I have been trying to carry out Principal Component Analysis (PCA) in R using the function psych::principal
. However the returned $p$-value has been very low in several attempts using different sets of variables.
Does it mean that the test of the hypothesis that the number of components is sufficient is rejected? (The number of components was obtained using the scree plot and the criterion of eigenvalue larger than 1.)
Is it unimportant for the purpose of obtaining components using PCA? If not, what can be done?
RC1 RC2 RC4 RC3 RC5
SS loadings 5.19 4.24 3.01 2.63 1.16
Proportion Var 0.27 0.22 0.16 0.14 0.06
Cumulative Var 0.27 0.50 0.66 0.79 0.85
Proportion Explained 0.32 0.26 0.19 0.16 0.07
Cumulative Proportion 0.32 0.58 0.77 0.93 1.00
Test of the hypothesis that 5 components are sufficient.
The degrees of freedom for the null model are 171 and the objective function was 23.32
The degrees of freedom for the model are 86 and the objective function was 2.64
The total number of observations was 103 with MLE Chi Square = 241.11 with prob < 1.2e-16
Thank you very much for the answers and input! All help are very much appreciated! I look forward to more detailed documentation of the package to be available.
Best Answer
Goodness of fit cannot be meaningfully computed for PCA. The
principal
function is doing something strange here.Function
principal()
is part of thepsych
package that implements factor analysis, and is designed to implement PCA in a manner mimicking factor analysis. In factor analysis, goodness of fit can be meaningfully computed as follows.Given a $p\times p$ covariance matrix $\mathbf S$, factor analysis fits a $p\times k$ matrix of loadings $\mathbf W$ where $k$ is the number of factors and a diagonal $p\times p$ matrix of uniquenesses $\boldsymbol \Psi$ such that $$\mathbf S \approx \mathbf C = \mathbf W \mathbf W^\top + \boldsymbol \Psi.$$ There are different methods of "factor extraction", differing in how exactly the distance between $\mathbf C$ ans $\mathbf S$ is measured. Maximum likelihood method finds loadings and uniquenesses maximizing log-likelihood of the observed data. The log-likelihood of the data is given by $$L_k=-\frac{n}{2}\left[p\ln(2\pi) + \ln|\mathbf C| + \mathrm{tr}(\mathbf C^{-1}\mathbf S)\right],$$ where $n$ is the number of data points (observations). Given two models with different number of factors $k_1$ and $k_2$, they can be compared via a likelihood ratio test that tells us that $$2(L_{k_1} - L_{k_2}) \sim \chi^2_{\mathrm{df}_1-\mathrm{df}_2}.$$ In particular, a model with $k$ factors can be compared to the "full" model with $k=p$ and $\mathbf C=\mathbf S$.
In PCA, there is no $\boldsymbol \Psi$ and so $\mathbf C_\mathrm{PCA}=\mathbf W\mathbf W^\top$. This makes $\mathbf C$ low-rank, with zero determinant, and non-invertible.

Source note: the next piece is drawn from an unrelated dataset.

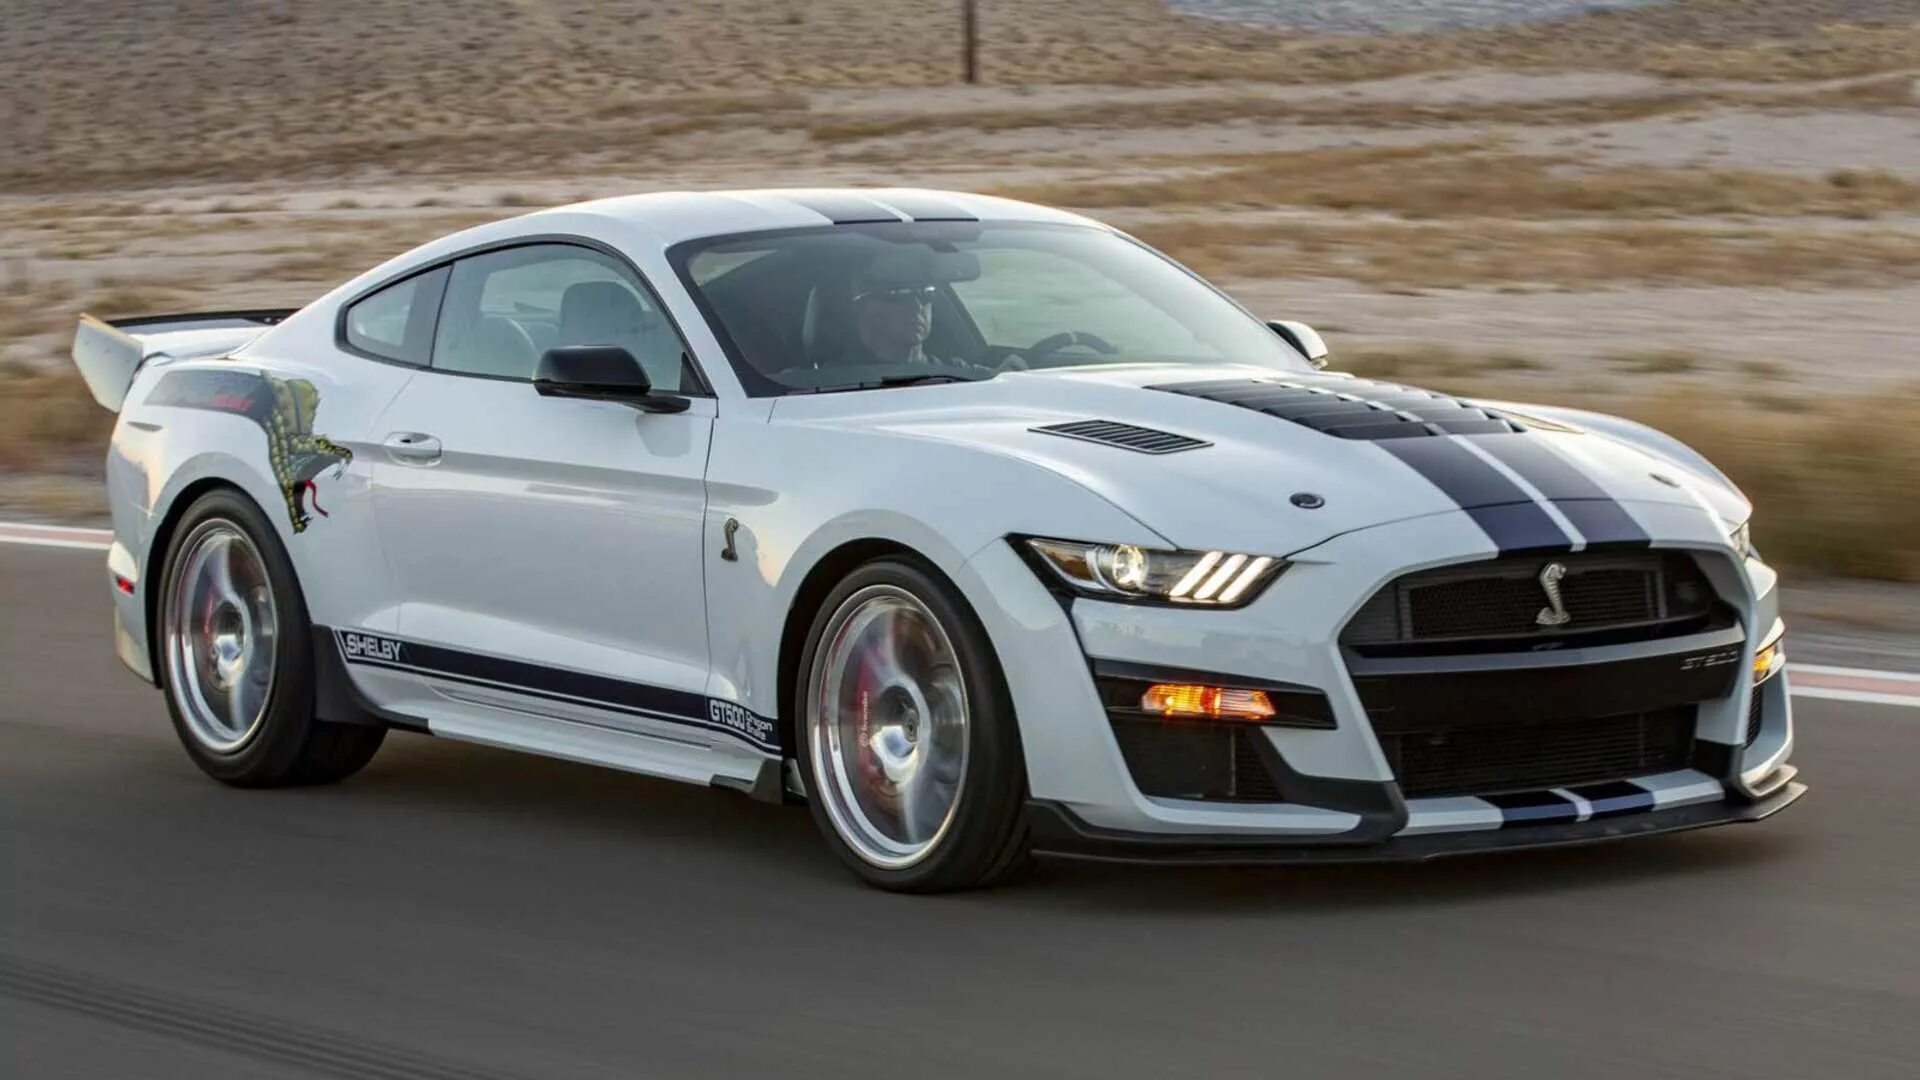 Mustang shelby gt 500. Форд Мустанг ГТ 500. Форд Мустанг ГТ 500 Шелби. Форд Мустанг Шелби gt 500 2020. Форд Мустанг 2021 Shelby gt500.

Consequently, in PCA likelihood cannot be computed and likelihood ratio is undefined (ultimately because PCA is not a probabilistic model).
What exactly
principal()
is doing to "compute" it, is impossible to understand from its manual page. Having looked into its source code I saw that all the goodness of fit computations are done by thefactor.stats()
function, which again has an unclear manual page. The source code offactor.stats()
reveals that after computing model covariance matrix $\mathbf C = \mathbf W\mathbf W^\top$, the algorithm makes its diagonal equal to the diagonal of $\mathbf S$ (making it full rank). This is the correct computation in factor analysis because there the diagonals of $\mathbf C$ and $\mathbf S$ always coincide (due to the matrix of uniquenesses), but makes no sense in PCA.The resulting goodness of fit computation is essentially a factor analysis computation, but with PCA loadings. This is weird. I am not sure how this could be justified. My advice would be to ignore it and to use some other approach instead.
(Having said that, I guess that a very low $p$-value still does indicate that the number of components is "not sufficient": after all, such "diagonal-adjusted" $\widetilde{\mathbf C}$ is closer to $\mathbf S$ than the original $\mathbf C$, so if $\widetilde{\mathbf C}$ does not provide a sufficient fit, then $\mathbf C$ does not either.)